Rationale and knowledge gap

Bibliometric analysis of the publications can elucidate the knowledge structure and development patterns with specific journals (2). The practice of bibliometrics has significantly advanced with the use of computer-assisted statistics and software (3), enabling the summarization of journal contributions and cooperation patterns, as well as the analysis of large quantities of scholarly publications (4). Without thinking about the research object and more about the result value for the field, many studies now use bibliometric software to analyze specific high-level journals. In addition, analyzing a specific high-impact journal allows for a more detailed understanding of its contribution to the field, highlighting key research themes, influential publications, and collaboration patterns within the journal’s scope. For instance, Bamel et al. conducted a retrospective bibliometric analysis of the European Journal of Innovation Management from 1998 to 2021 (5). Donthu and colleagues conducted a bibliometric analysis for the 30 years of the Journal of Product and Brand Management (6). Nath et al. examined publications in Community Dentistry and Oral Epidemiology from 1973 to 2022 (7).

Given TLCR’s leading role in lung cancer research, a bibliometric analysis of the journal provides valuable insights into the field’s knowledge framework. It offers readers, editors, reviewers, and researchers a clearer understanding of the current scope, key contributors, emerging topics, and shifting research priorities.

Objective

The purpose of this study was to retrospectively review TLCR’s productivity, impact, emerging knowledge, and contribution to lung cancer research. Through analyzing publication and citation patterns, influential authors, institutions, and nations associated with TLCR were identified. Additionally, keyword analysis was conducted to uncover prevailing research topics and their evolution using CiteSpace, VOSviewer, and the R package Bibliometrix. We present this article in accordance with the Narrative Review reporting checklist (available at https://tlcr.amegroups.com/article/view/10.21037/tlcr-24-653/rc).

Methods

Search strategy

Publications from March 2012 to June 2024 were obtained from the Scopus database, PubMed, and Web of Science Core Collection (WoSCC) on June 30, 2024, using the search term ‘Translational Lung Cancer Research’ in the source title. All TLCR publications within this timeframe were included for analysis.
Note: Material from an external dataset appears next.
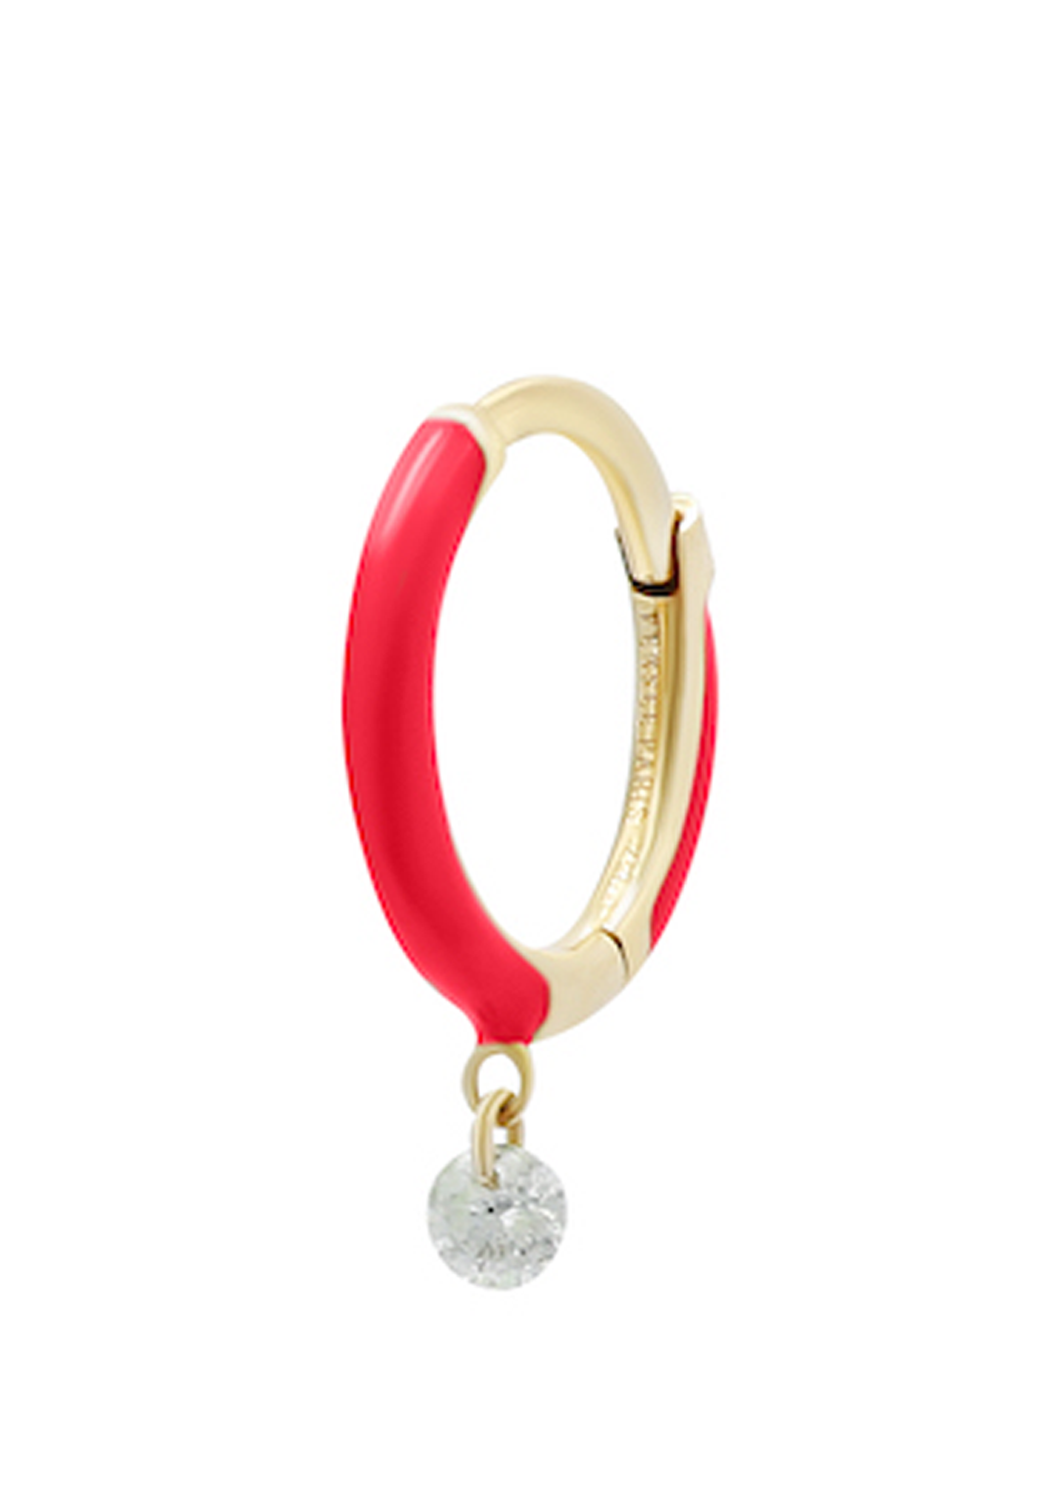 Persée Paris 18KYG Diamond & Pink Enamel Hoop Earring | Ref. EA82774-PK-YG | OsterJewelers.com
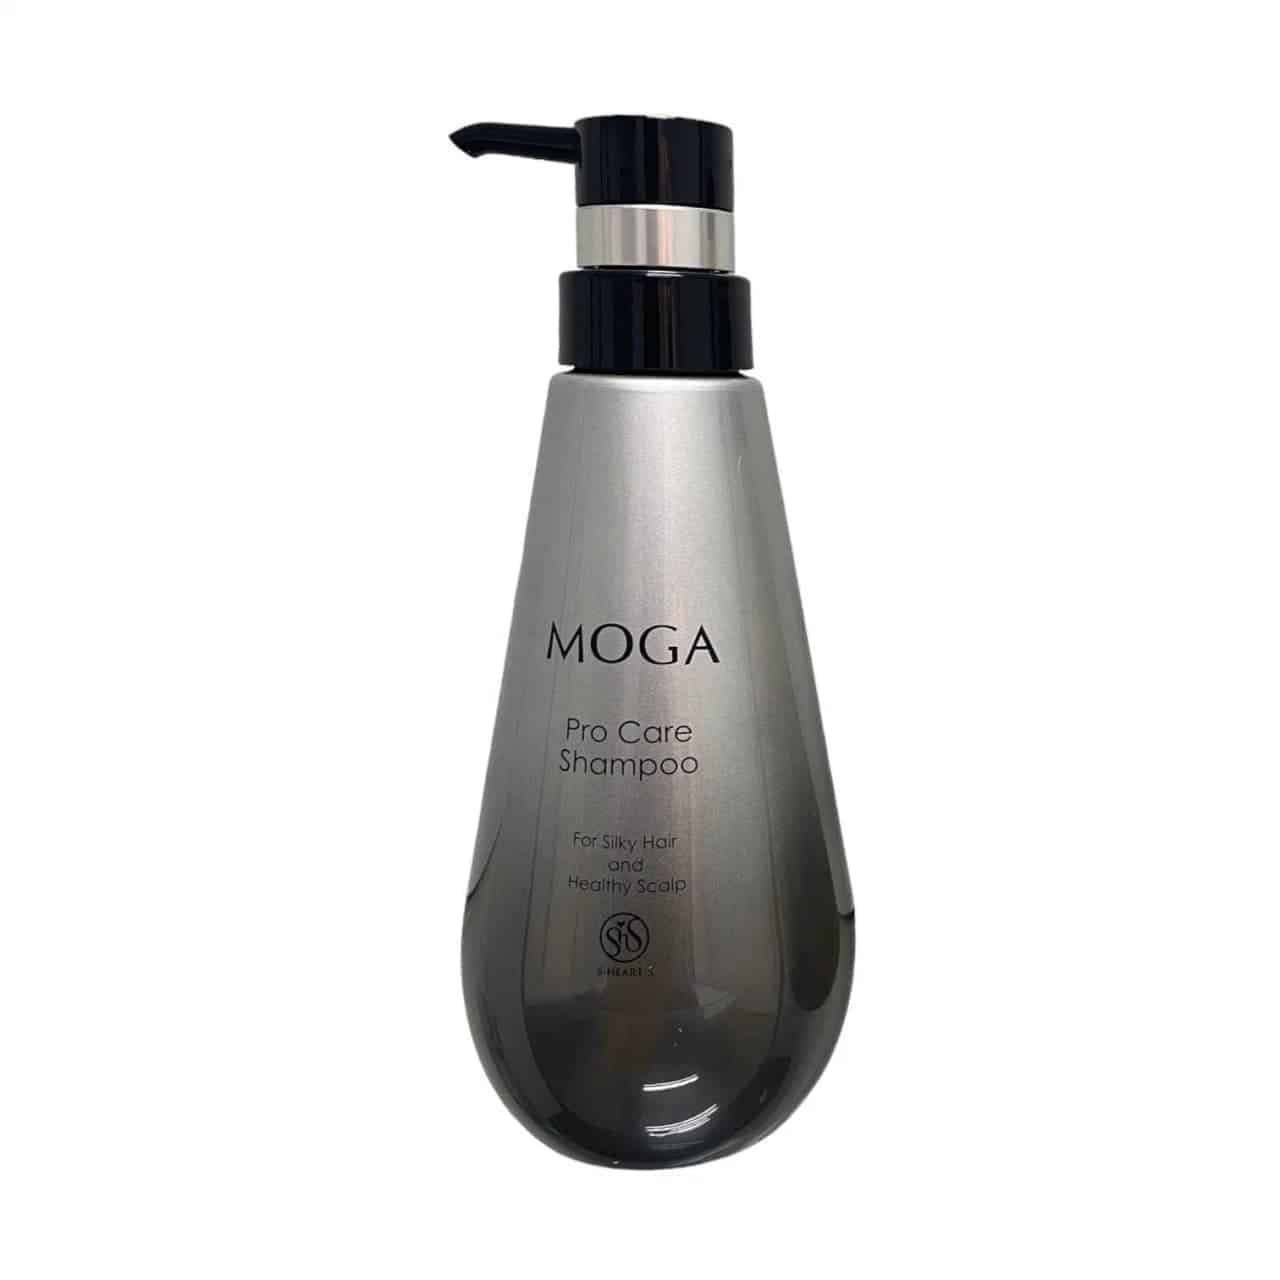 MOGA Pro Care Shampoo

The investigation was conducted independently by two researchers (Table S1).

Data extraction

The TLCR publications were collected and retrieved in Comma Separated Values (CSV) format from Scopus, PubMed, and WoSCC. The retrieved data were converted to text file (TXT) format using CiteSpace 6.3. R1 Advanced for further analysis. Bibliometric analysis of the selected studies was performed using CiteSpace 6.3.R1 Advanced, VOSviewer 1.6.19, and the Bibliometrix 4.1.2 package in R. The analysis covered publications from March 2012 to December 2023. Publications from 2024 were excluded from the main analysis due to incomplete citation data, which could lead to potential bias.

Analysis tools

CiteSpace 6.3.R1 Advanced (8) was used to conduct co-citation analysis of authors and references, as well as to identify citation bursts for keywords and authors. Link strength was measured using the cosine method, with analysis confined to each time slice. The g-index with a value of k=25 was applied for selection, and network pruning was carried out using algorithms for slicing and minimum spanning tree pruning.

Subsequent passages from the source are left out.